Intervista con un oste di riferimento

Intervista con un oste di riferimento

di Emanuele Giannone

Preambolo

“Uno” perché ne ho tre. In ordine di comparizione: una è l’ostessa, l’ho in casa; uno ha bottega nel Municipio II; uno è lui, quello che interrogo nel seguito.

Quartieri

“Ed ecco la mia casa nella luce marina

di via Fonteiana in cuore alla mattina:

la mia tana, indifesa, cieca di speranza,

dove bruciare l’ultima remora che mi avanza.”

(da “Récit”, Pier Paolo Pasolini).

Cambiare quartiere a Roma è come tornare alle Medie. Per andare bene alle Medie servono a hungry mind, intelligenza q.b. e mappe concettuali. La Grande Professoressa delle Medie ti adocchia di sottecchi, la sua svagatezza nella caciara della classe adolescente è di maniera, il fare lasso e la pingue complessione mascherano un temperamento suscettibile e passionale e la voce strascicata è solo uno studiato accorgimento. Quando le piace e meno te lo aspetti, ti chiama a rispondere.

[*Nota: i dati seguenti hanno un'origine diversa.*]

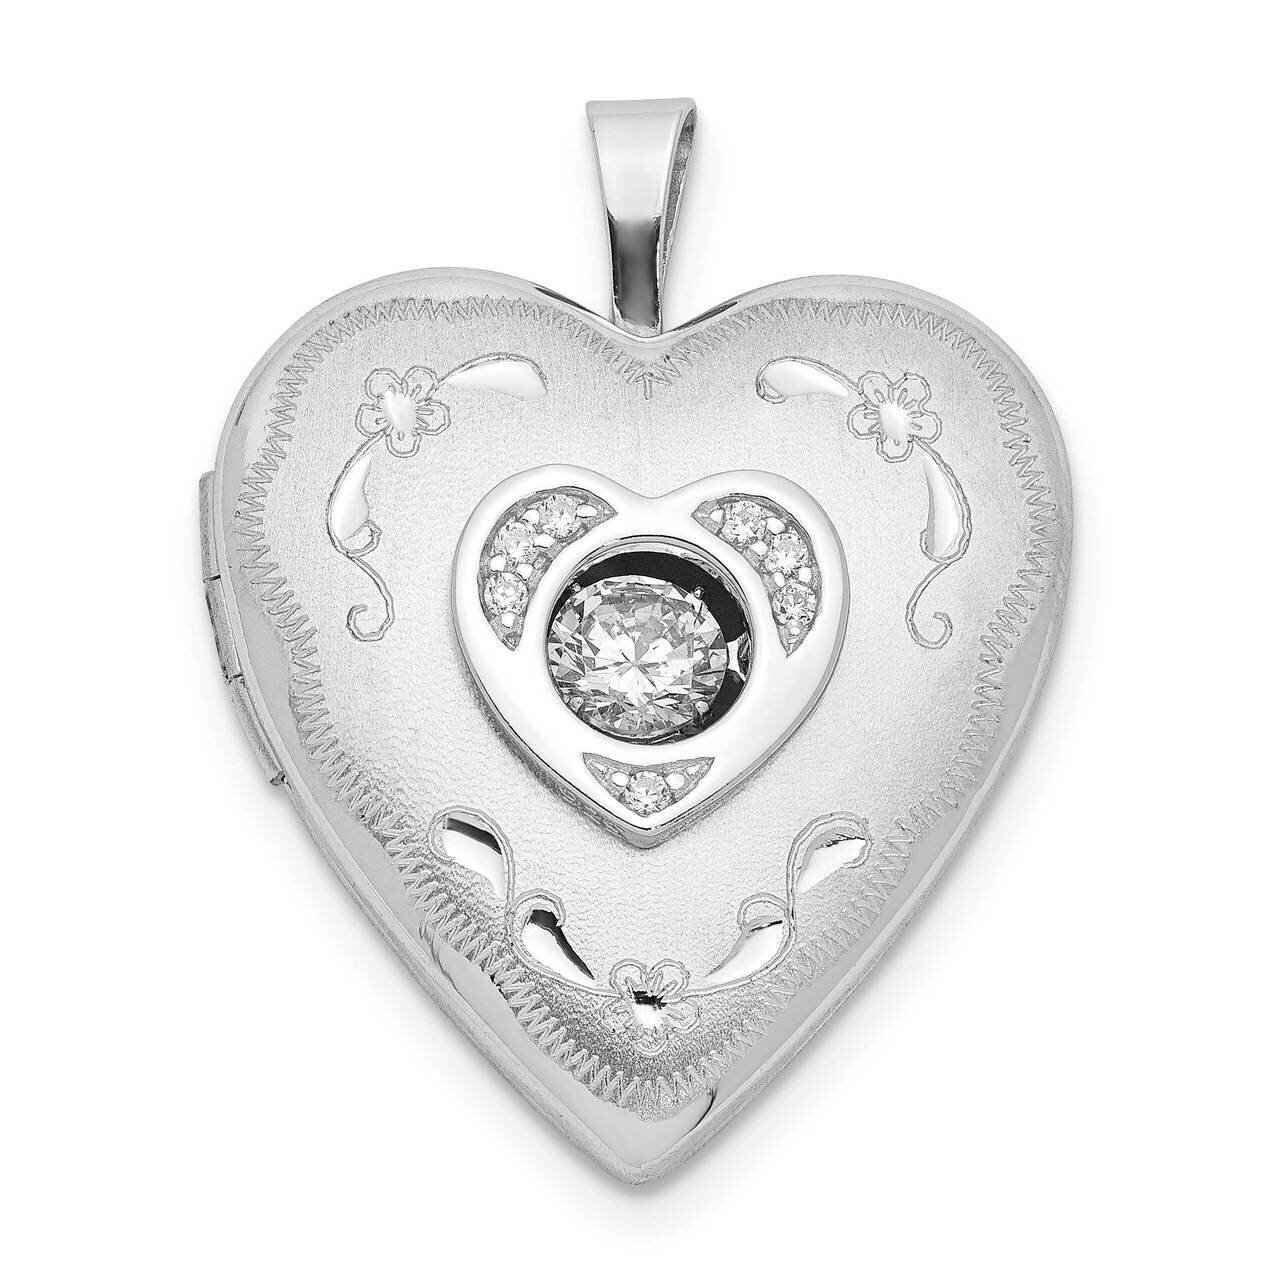 20mm Vibrant Swarovski Crystal Brushed & Polished Heart Locket Sterling Silver QLS890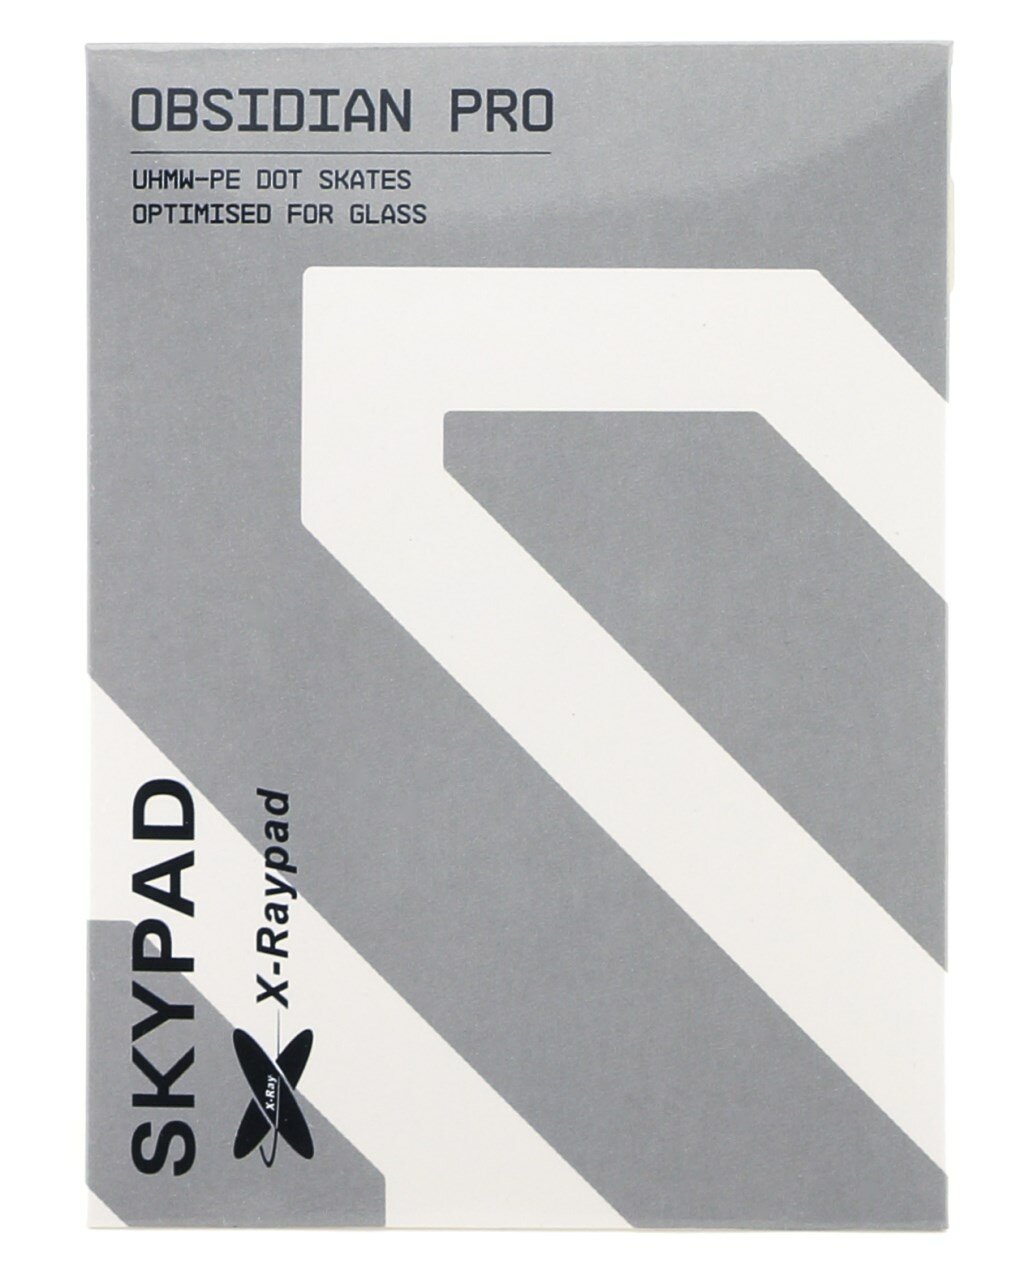 Ножки для мыши (глайды) SkyPAD x X-Raypad Obsidian PRO UHMW-PE Dot Skates, 40шт.

La Grande Professoressa non ha una predilezione particolare per i suoi concittadini. Conosce il limite spiegato dal libro che le ha dedicato un veneto – Roma, non basta una vita – e ricorda che su di lei hanno scritto pagine tra le più memorabili, oltre al veneto, tanti altri numi foresti: mi sovvengono un ingegnere elettrotecnico milanese, un poliedrico aedo bolognese-friulano, un poeta livornese e uno parmense, un modenese maestro e professore contemporaneo, almeno tre cineasti di cui uno emiliano, uno napoletano e uno milanese. La Grande Professoressa non discrimina per natali e perciò raccomanda a tutti, Urbi et Orbi, lunghe camminate periscopiche ed esercizi a naso all’insù. Occhi, taccuino e rudimenti di cartografia.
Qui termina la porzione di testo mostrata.